RK: What are your thoughts on the future of food writing in America? It seems like, with recent events, there's been an injection of seriousness into the national discourse—especially around issues like race, sexuality, labor. Do you think that food writing is working to embrace those issues, too? What direction do you see your own writing taking in the next couple of years?
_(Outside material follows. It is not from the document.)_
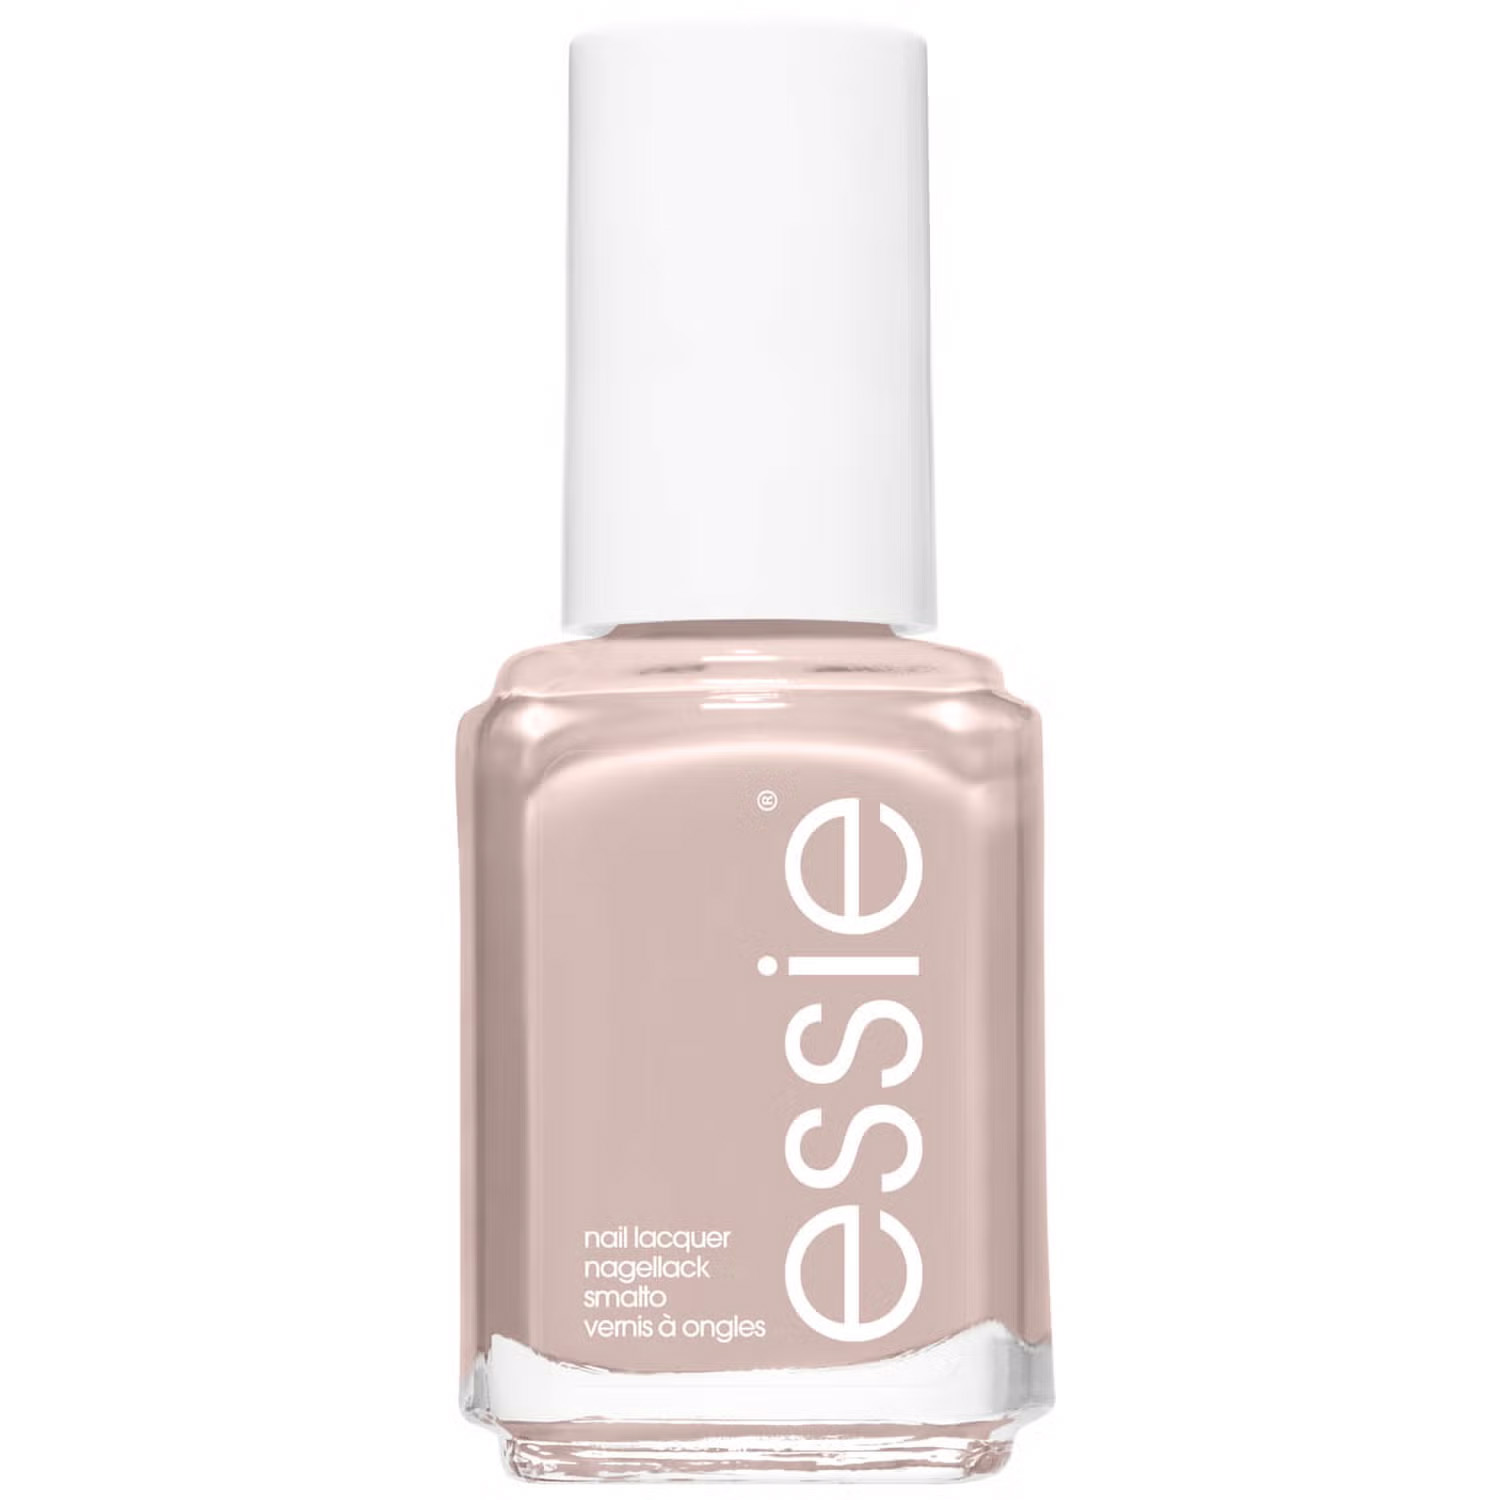 List of 5-Free Vegan and Cruelty-Free Nail Polish Brands | Cruelty free nail  polish, Vegan nail polish, Nail polish brands
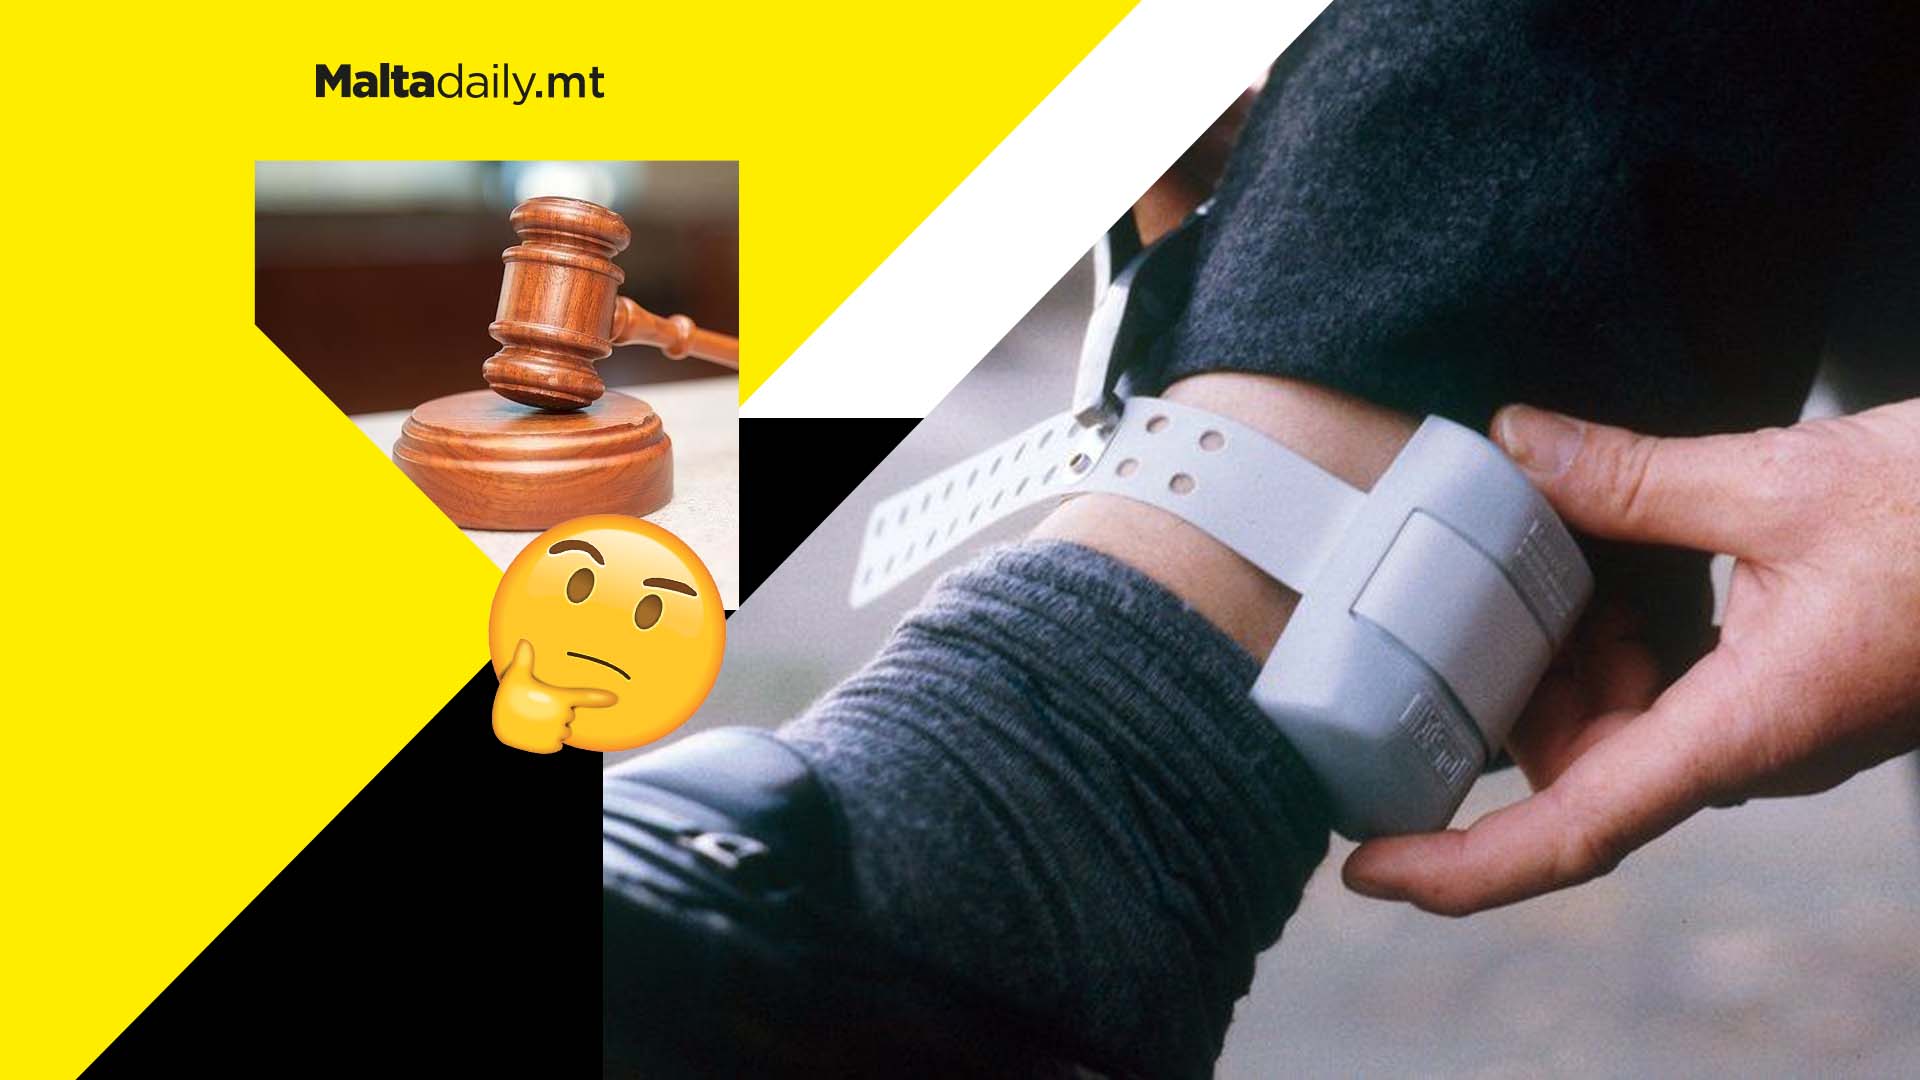 Should Malta use electronic tags even in cases of bail?

MS: It depends on the publication. Without naming names, I can say that some publications aren't working hard enough. They're playing it safe. They've built their foundation around themes like "community," which means that they see these readerships that tend to skew quite conservative as crucial parts of their DNA. These publications may nominally embrace being "political" and spin that desire into some good PR, but from what I've seen and experienced firsthand, there's a reticence to put that into practice. I'm wary of putting myself in any position as a queer writer of color where the onus falls upon me to be "political" and take the fall for it, to do the legwork that other people higher up aren't willing to do. I'd like to be writing for publications where I feel I can have the space to write openly about how food is political without needing to soften or blunt my writing not to offend a certain readership. Writing not to offend doesn't make you a better writer.

This interview has been condensed and edited.